- 1Paediatric Unit, Faculty of Medicine, University Malaya, Kuala Lumpur, Malaysia
- 2Sector for Evidence-Based Healthcare, National Institutes of Health, Ministry of Health, Kuala Lumpur, Malaysia
- 3Paediatric Unit, Hospital Tuanku Ja'afar, Seremban, Malaysia
Background: Thalassemia is the commonest hemoglobinopathy in Southeast Asia. Kidney dysfunction is an underreported sequelae in children with thalassemia. We conducted a retrospective study to identify the prevalence of and predisposing factors for kidney dysfunction in children with transfusion-dependent thalassemia (TDT).
Method: Abnormal kidney function was defined as children with a glomerular filtration rate (GFR) of <90 ml/min/1.73 m2 or a decline in GFR of >20 ml/min/1.73 m2 or presence of nephrotic range proteinuria within 3 years of commencing regular (every ≤6 weeks) red cell transfusion. Data analyzed were age at diagnosis of thalassemia, number of transfusion-years, iron chelation therapy, serum ferritin, and pre-transfusion hemoglobin levels.
Results: Eighty-one children were studied. Mean age was 11.72 ± 5.275 years. Thirty out of 81 (37%) demonstrated abnormal kidney function. Evidence of glomerular hyperfiltration was seen in 29/81 patients (25.85%) at their last clinic visit. This fraction was doubled [48/81 (59.3%)] when the cohort was tracked back by 3 years from the last clinic encounter. Age at diagnosis (RR, 1.157; 95% CI, 1.014–1.319; p = 0.03) and duration of receiving transfusions (RR, 0.984; 95% CI, 0.974–0.994; p = 0.001) were associated with increased risk of developing abnormal kidney function.
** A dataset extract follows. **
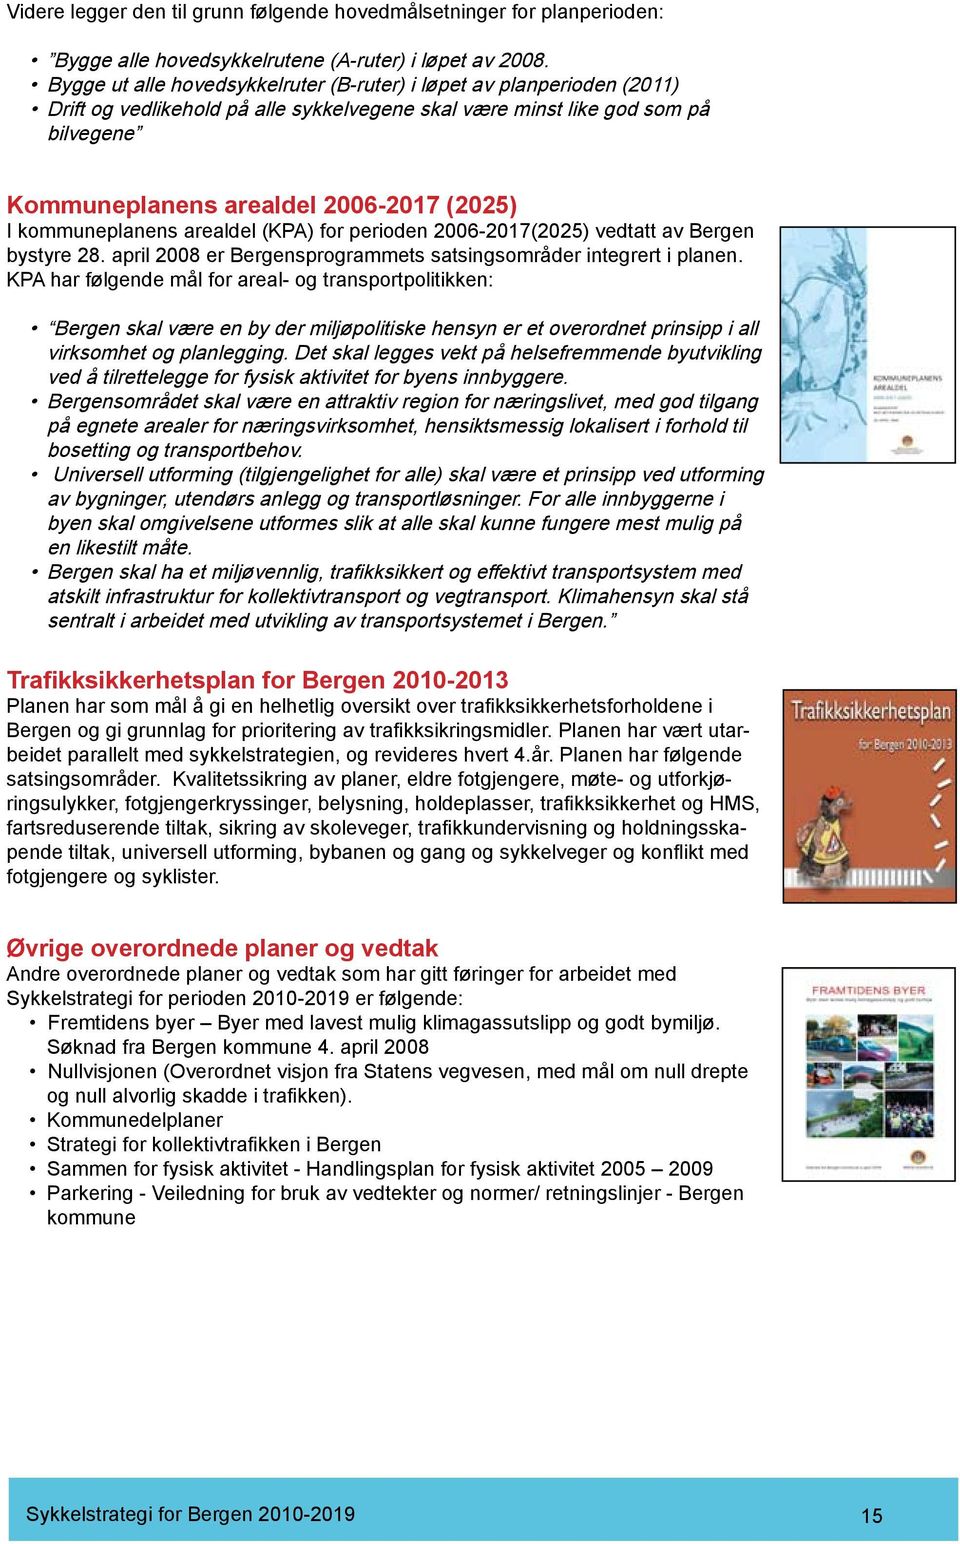 kommuneplanens arealdel (KPA) for perioden 2006-2017(2025) vedtatt av Bergen bystyre 28. april 2008 er Bergensprogrammets satsingsområder integrert i planen.

Conclusion: Abnormal kidney function in children with TDT may be overlooked by medical personnel without active screening measures. Children receiving regular red cell transfusions require systematic surveillance to enable early detection of kidney dysfunction and timely implementation of appropriate therapeutic interventions.
Introduction
Thalassemia is the commonest inherited hemoglobinopathy, causing premature rupture of the red blood cells and ineffective erythropoiesis. It is estimated that about 8,000 people in Malaysia are living with thalassemia, with more than half (57%) of them dependent on regular blood transfusions (1).
In the absence of hematopoietic stem cell transplantation, red cell transfusion remains the mainstay of treatment in patients with transfusion-dependent thalassemia (TDT). Children with TDT are at risk of transfusion-related complications such as blood-borne infections, allergic reactions, acute lung injury, and circulatory overload (2), as well as end organ damage due to cumulative iron deposition (3–6). Iron deposition leads to damages likely explained by oxidative stress injury (7).
The thalassemic state affects the kidney in many ways. It is not till recent years that more evidence has emerged to link kidney dysfunction with thalassaemia (8–11). Ali et al. (12) examined 100 patients with beta-thalassemia major, comparing them to healthy controls. The mean age of their study population was 10 years old. They found that patients with thalassemia had a higher level of cystatin C, lower GFR, and higher urine albumin-to-creatinine ratio. There was a significant number of thalassemia patients in that cohort with kidney dysfunction despite being only in the first decade of life. Any persistent abnormality in the urine, abnormal structure, or GFR of <60 ml/1.73 m2/min is defined as chronic kidney disease. It is pivotal to detect the presence of abnormal kidney function early to prevent disease progression. Undoubtedly, chronic kidney disease in children carries a higher risk of accelerated cardiovascular disease and death (13).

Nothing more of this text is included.